Furthermore, they are the Federal Deposit Insurance Corp.'s best protection against the dangerous liquidity risks that have manifested themselves recently in financial institutions heavily dependent on noncore funding.
Why then have core deposit intangibles been excluded under the 1993 rule? It states that the agencies evaluate the worthiness of identifiable intangible assets in three ways — the reliability of estimated future cash flows, their ability to be sold separately from the "bank or the bulk of the bank's assets," and the depth of the market for a potential resale of the assets if that ever became necessary.
The regulatory concern the agencies identified in 1993 was a potential lack of a market of sufficient depth for the resale of acquired core deposits, compared to acquired mortgage servicing rights or acquired credit card portfolios.
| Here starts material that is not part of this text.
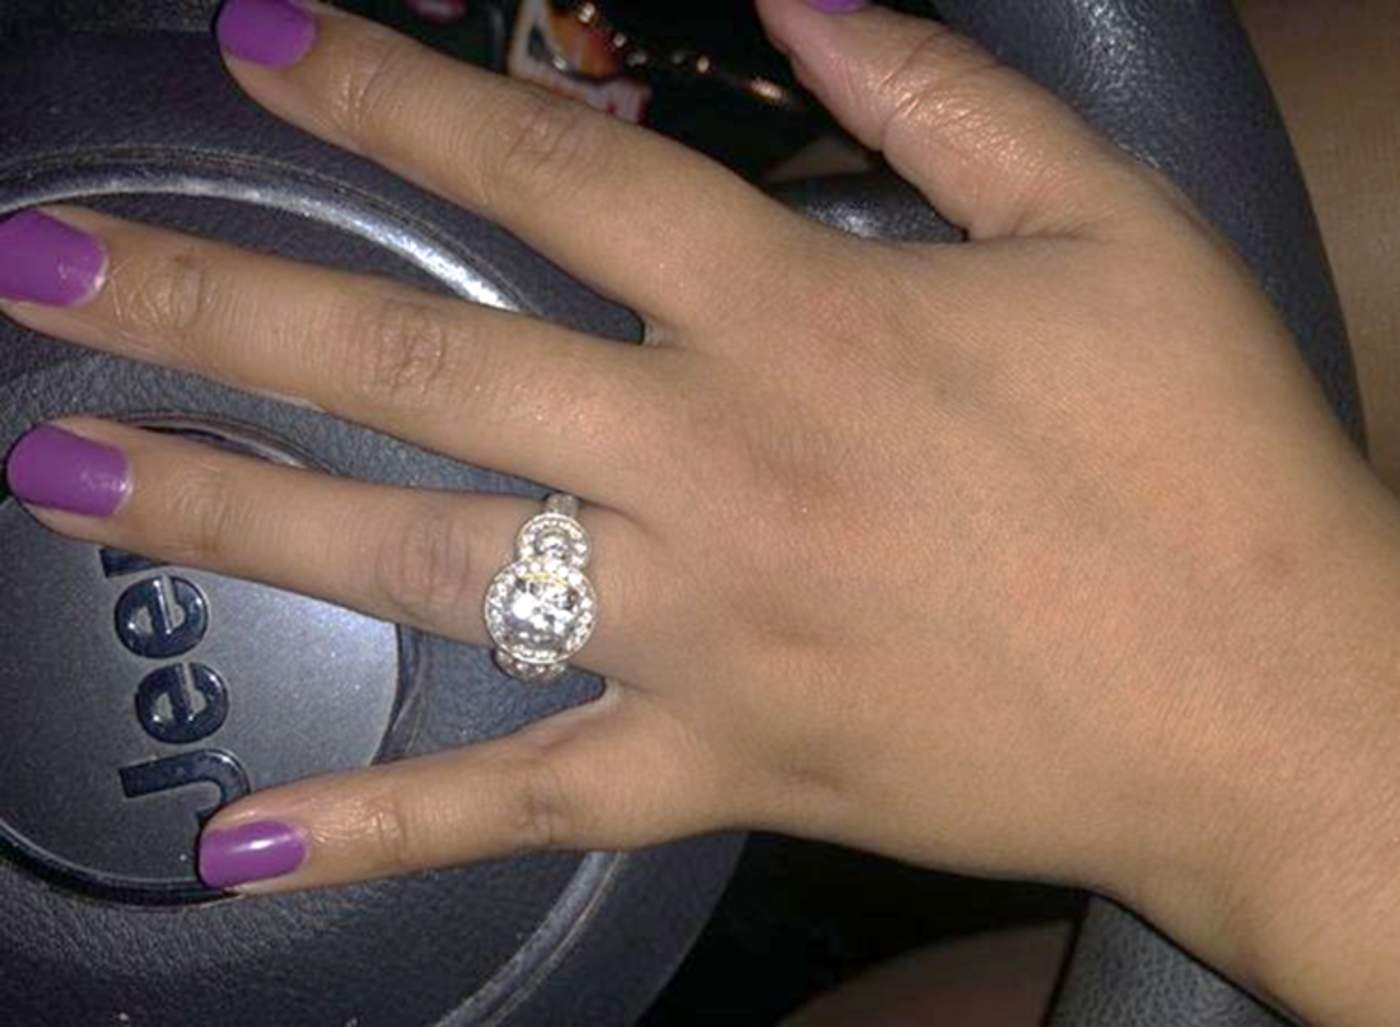 La mujer se queja tanto del anillo como de la forma como se llevó a cabo la propuesta de matrimonio. (INTERNET)

Purchased mortgage servicing rights and purchased credit card relationships can be sold to both insured depositories and other financial services companies and without geographic limitations, but core deposit intangibles could only be sold to insured depositories and were geographically hampered then by greater restrictions on interstate branching.
Today, the lack-of-marketability concern can be addressed effectively by arranging a forward "resale" of an acquired core deposit base to another buyer. Our company did precisely this as part of an acquisition of a small bank in the Chicago suburbs in 2001. Even today plenty of healthy banks and private investors of the "shelf-charter" variety would be happy to earn a fee now in exchange for the risk that they might be forced in the next few years to buy a nice-looking core deposit base for a good price.
At the time, the regulators were silent on the question of whether core deposit bases generated sufficiently reliable cash flows; since then, the answer that has emerged is a clear "yes."
One understands the agencies' natural reluctance to use their authority to allow a change in regulatory capital accounting that would be advantageous to the banks they regulate. On the other hand, it is very difficult to understand the logic behind the current regulatory capital rule regarding identifiable intangible assets.
Under it, regulatory capital incentives exist that encourage financial institutions to generate and purchase riskier mortgage and consumer credit assets. Simultaneously, the regulatory capital treatment of core deposit intangibles discourages the generation and purchase of stable, low-cost core deposits.